Josef Jiricny

What is he best known for?

The fields of study he is best known for:

• Gene
• DNA
• Mutation

Molecular biology, DNA mismatch repair, Biochemistry, DNA and DNA glycosylase are his primary areas of study. His Molecular biology study combines topics from a wide range of disciplines, such as DNA damage, DNA methylation, CpG site, DNA polymerase and Nuclear protein. His DNA mismatch repair research incorporates elements of Mutation, Cancer research and DNA replication.

His research integrates issues of Primase, RNA Helicase A and dnaB helicase in his study of Biochemistry. His DNA research focuses on subjects like Enzyme, which are linked to Structural biology. His biological study spans a wide range of topics, including Base excision repair and Deamination.

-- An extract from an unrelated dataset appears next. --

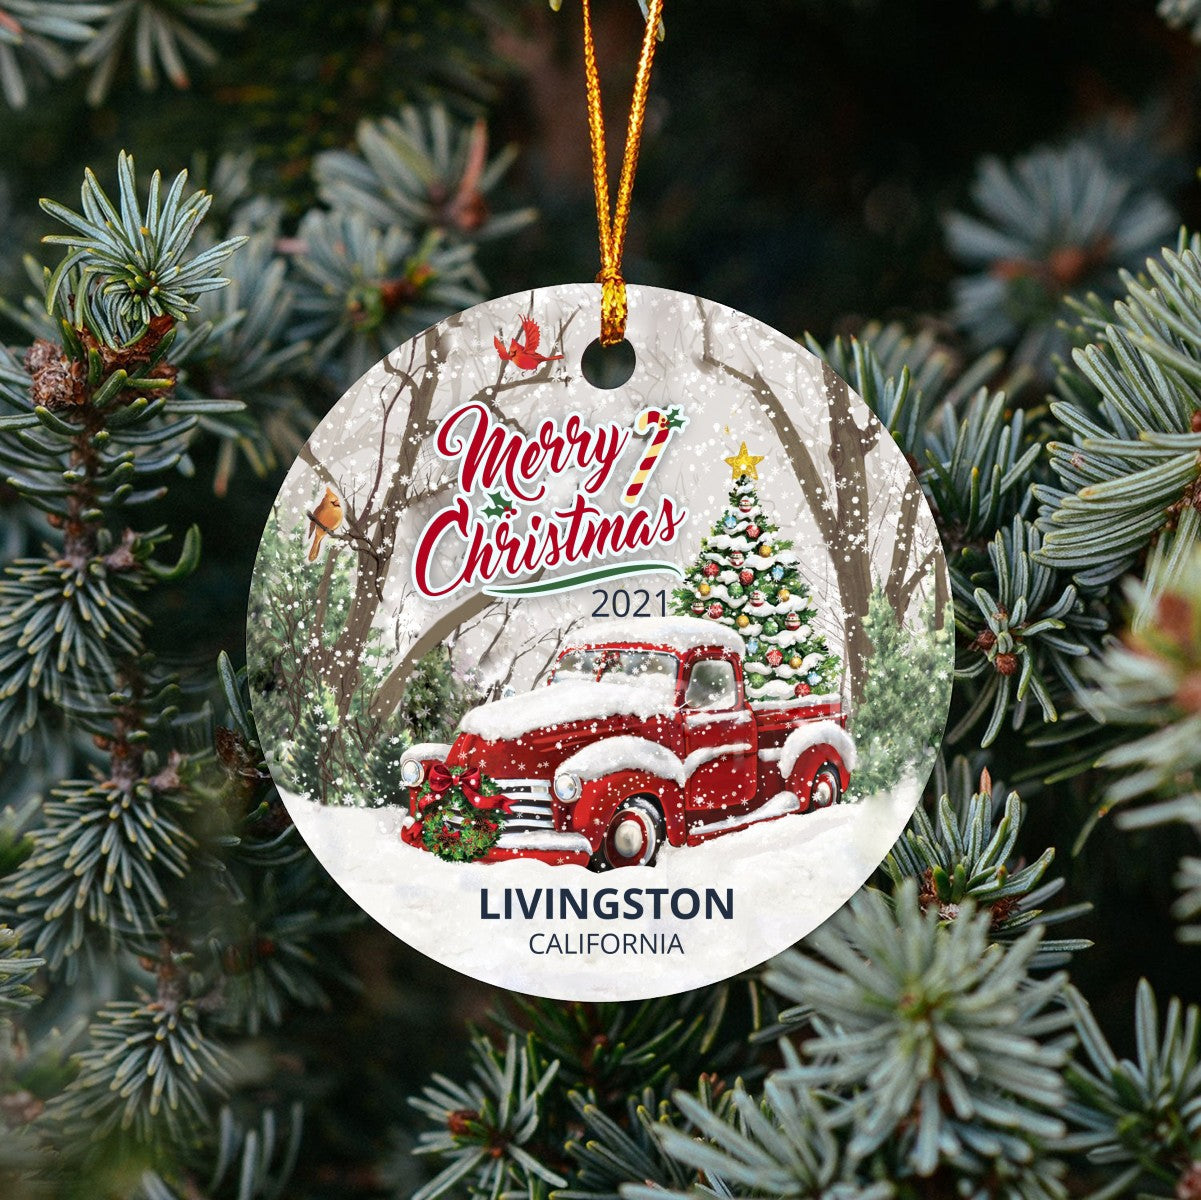 Christmas Tree Ornaments Livingston - Ornament With Name City, State Livingston California CA Ornament - Red Truck Xmas Ornaments 3'' Plastic Gift For Family, Friend And Housewarming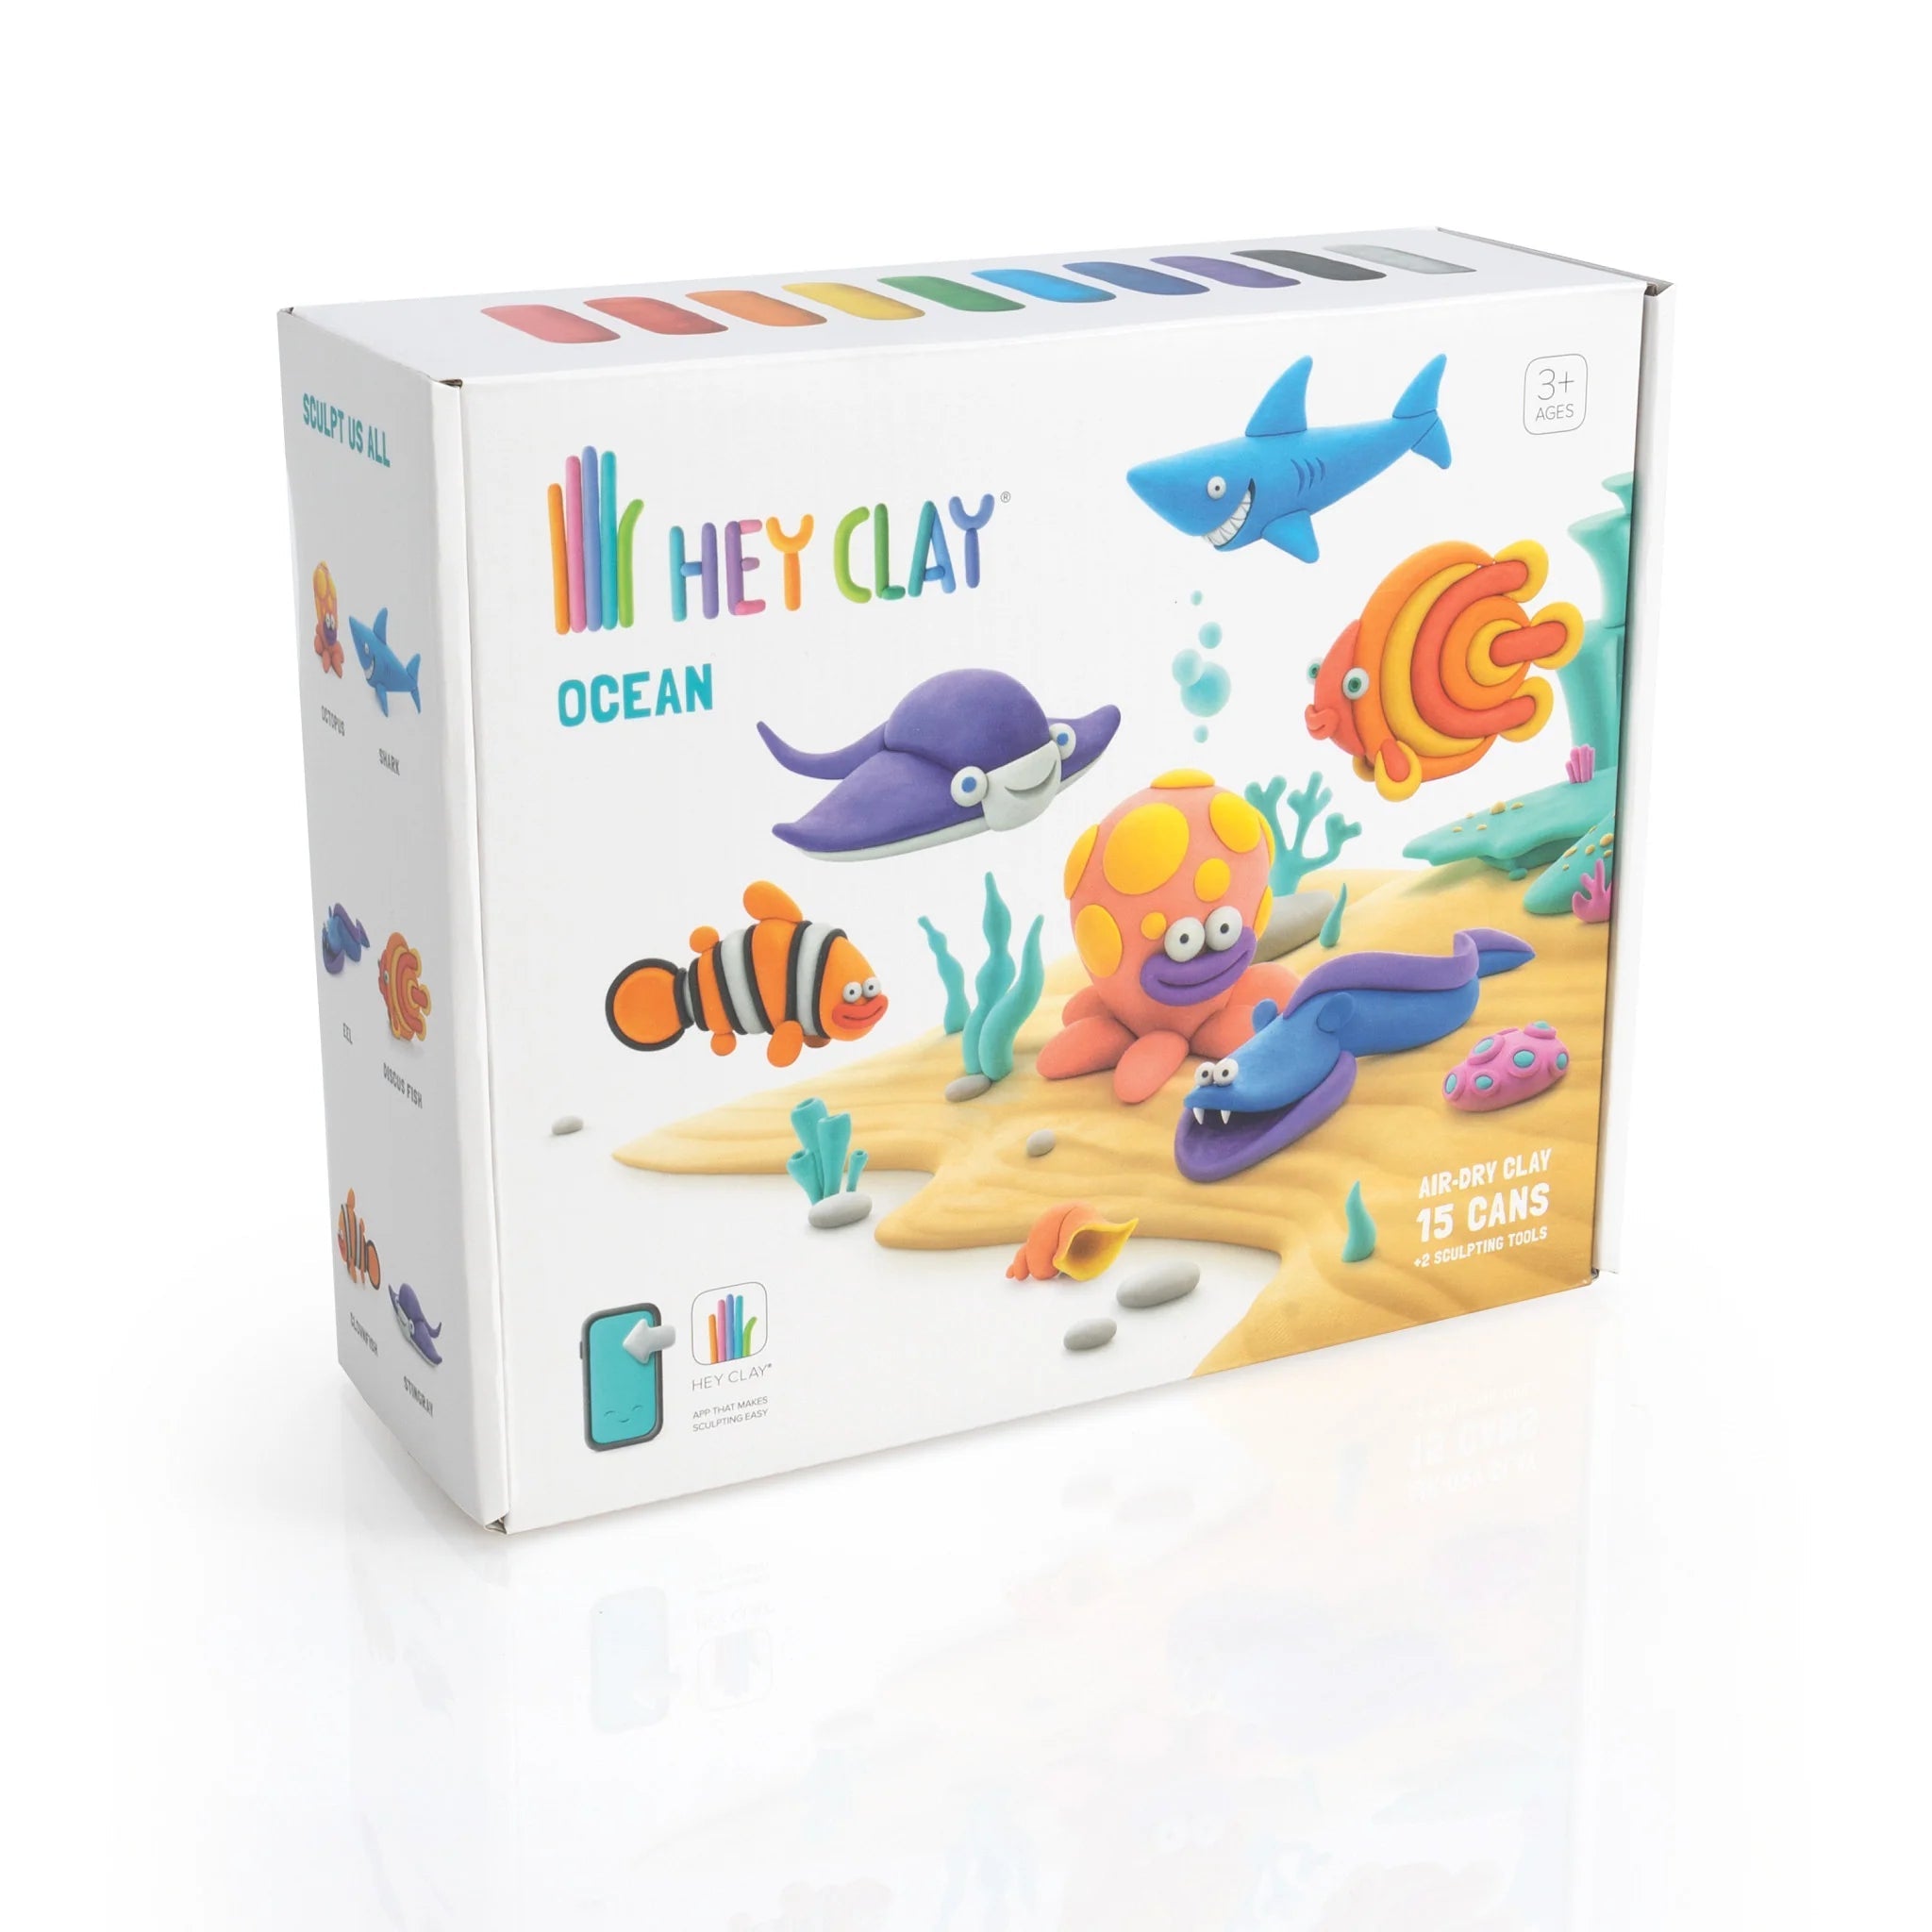 Hey Clay - Poop Oops Air-Dry Clay - Best for Ages 3 to 10

His most cited work include:

• The multifaceted mismatch-repair system (912 citations)
• The thymine glycosylase MBD4 can bind to the product of deamination at methylated CpG sites (547 citations)
• GTBP, a 160-kilodalton protein essential for mismatch-binding activity in human cells (465 citations)

What are the main themes of his work throughout his whole career to date?

Josef Jiricny focuses on DNA mismatch repair, Molecular biology, DNA, Genetics and DNA repair. His study in DNA mismatch repair is interdisciplinary in nature, drawing from both Cancer research, Mutation, Nucleotide excision repair, Cell biology and DNA replication. His work carried out in the field of Molecular biology brings together such families of science as Methylation, Exonuclease, DNA methylation, CpG site and MSH2.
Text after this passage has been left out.